I would greatly appreciate if someone could help me how to calculate it in matlab....
Thanks
I put some code below that should be the basic skeleton of what you want to do. But I left an important function unimplemented because I think you will be able to do it and it will help you understand this process better.
% I assume that data_points is an M-by-2 array, where each row corresponds
% to an (x,y) coordinate pair, and M is the number of data points.
data_points = ... ;
% I assume this array stores the intensities at each data point.
intensities = ... ;
% I assume that this stores the total number of gridded polar regions you want
% to find the max intensity in (i.e. 4*(number of cells) in your picture above).
total_num_bins = ... ;
% This will store the max intensities. For places that have no nearby
% data points, the max intensity will remain zero.
max_intensities = zeros(total_num_bins);
% I assume these store the values of the center point.
x = ... ; y = ... ;
% The number of different data points.
num_data_points = length(intensities); % also equals size(data_points,1)
% Now, loop through the data points, decide which polar bin they fall in, and
% update the max intensity of that area if needed.
for ii = 1:num_data_points
% Grab the current point coordinates.
cur_x = data_points[ii,1];
cur_y = data_points[ii,2];
% Convert the current data point to polar coordinates,
% keeping in mind that we are treating (x,y) like the center.
cur_radius = sqrt( (cur_x - x)^2 + (cur_y - y)^2 );
cur_angle = atan2(cur_y - y, cur_x - x)
% You have to write this yourself, but it
% will return an index for the bin that this
% data point falls into, i.e. which of the 4 segments
% of one of the radial cells it falls into.
cur_bin = get_bin_number(cur_radius, cur_angle);
% Check if this data point intensity is larger than
% the current max value for its bin.
if ( intensities(ii) >= max_intensities(cur_bin))
max_intensities(cur_bin) = intensities(ii);
end
end
You will now have to make the function get_bin_number() which takes as its input the angle and radius of the data point away from the center point.

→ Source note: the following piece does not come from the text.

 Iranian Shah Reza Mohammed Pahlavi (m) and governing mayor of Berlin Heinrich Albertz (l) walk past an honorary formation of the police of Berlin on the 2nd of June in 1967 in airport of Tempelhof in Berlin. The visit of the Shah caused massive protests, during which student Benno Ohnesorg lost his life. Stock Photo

It should return just an index between 1 and total_num_bins, because you will be keeping the max intensities in a linear array. So, for example, index number 1 might correspond to the first 1/4 piece of the closest radial cell in the upper right quadrant, index 2 might correspond to the next 1/4 of that same cell, moving counter-clockwise, or something like this. You have to devise your own convention for keeping track of the bins.

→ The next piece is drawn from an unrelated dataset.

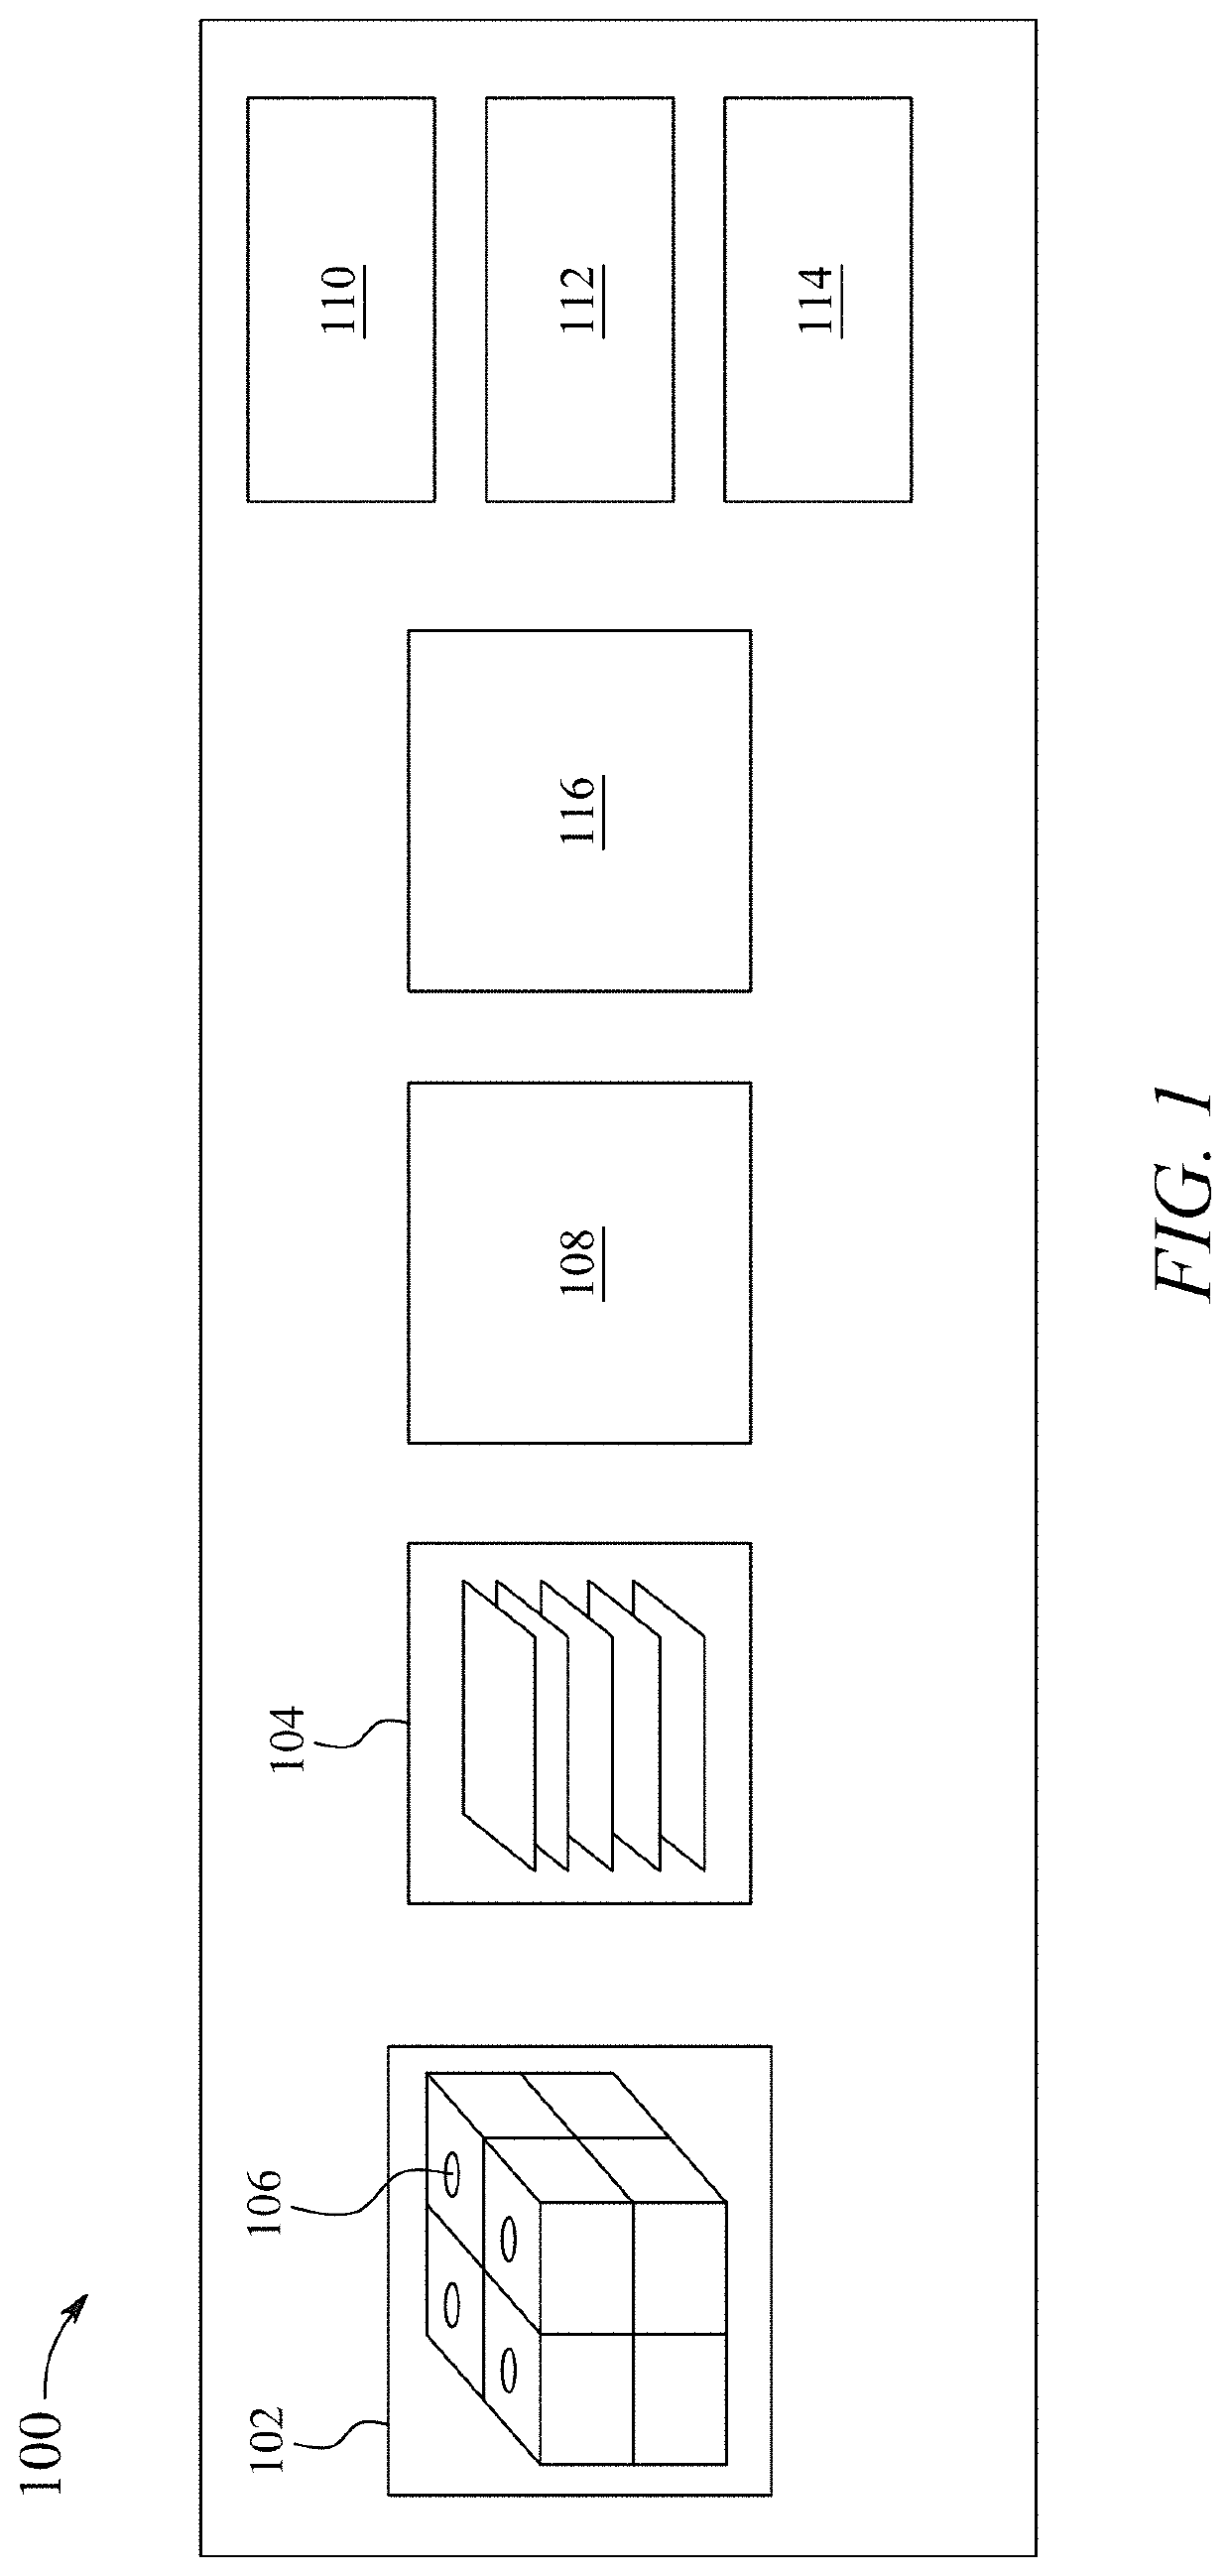 System and method for analysis of chip and burr formation in drilled fiber reinforced plastic composites using image processing

A late answer, but I believe an even easier solution would just be to convert your data from (x,y) coordinates to (r,theta) by using (r = sqrt(x.^2 + y.^2), theta = atan(y,x)) then use the hist3 function on the (r,theta) data set to get a radial histogram.

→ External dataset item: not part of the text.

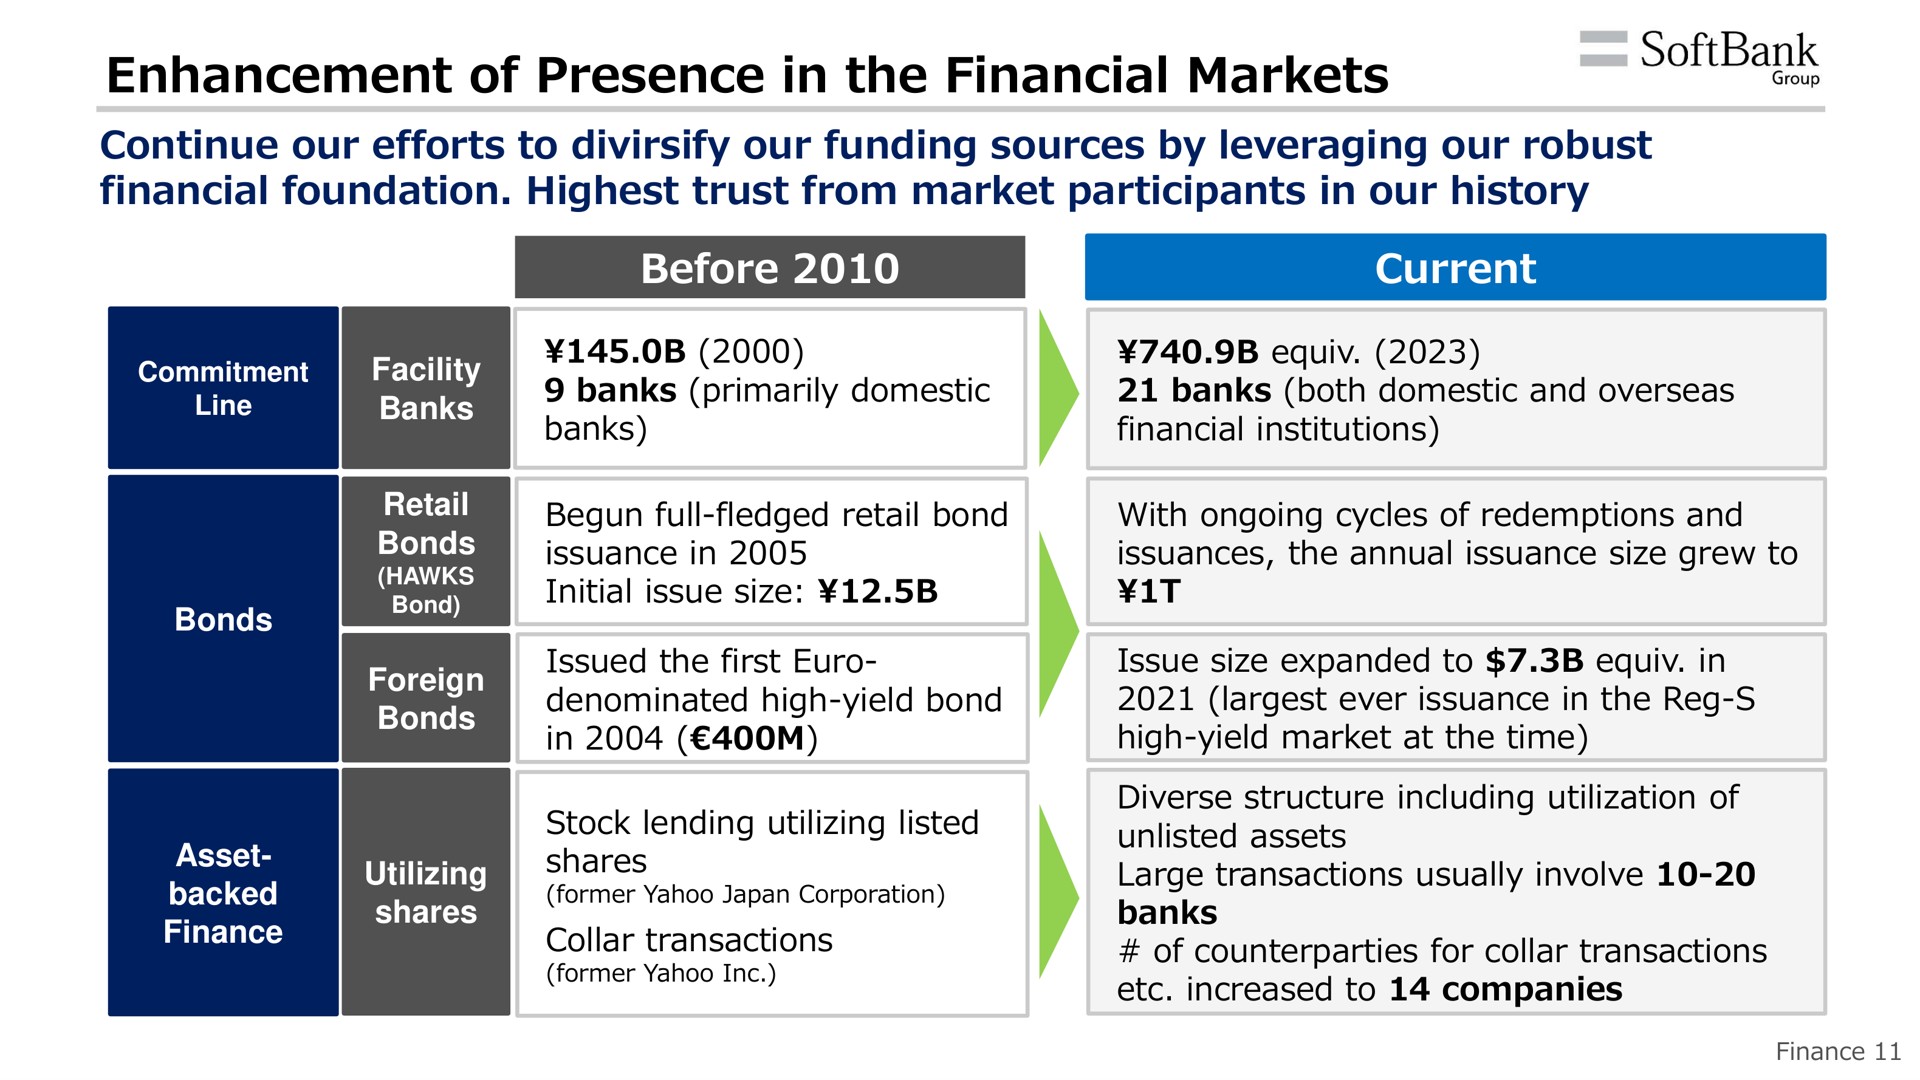 enhancement of presence in the financial markets see | SoftBank

Therefore solution is as follows:
% I assume you have some M-by-2 matrix X that's in the form (x,y)
% Convert (x,y) to (r,theta)
xVect = X(:,1);
yVect = X(:,2);
X = [sqrt(xVect.^2 + yVect.^2), ...%formula for r
atan(yVect,xVect)]; %formula for theta
% 5 is the number of wedges along 'r', your radial axis
% 12 is the number of wedges along 'theta', your theta 'axis'
dist = hist3(X,5,12);
Even if you have solved this, I hope this helps anybody else who wants to create a radial/angular histogram!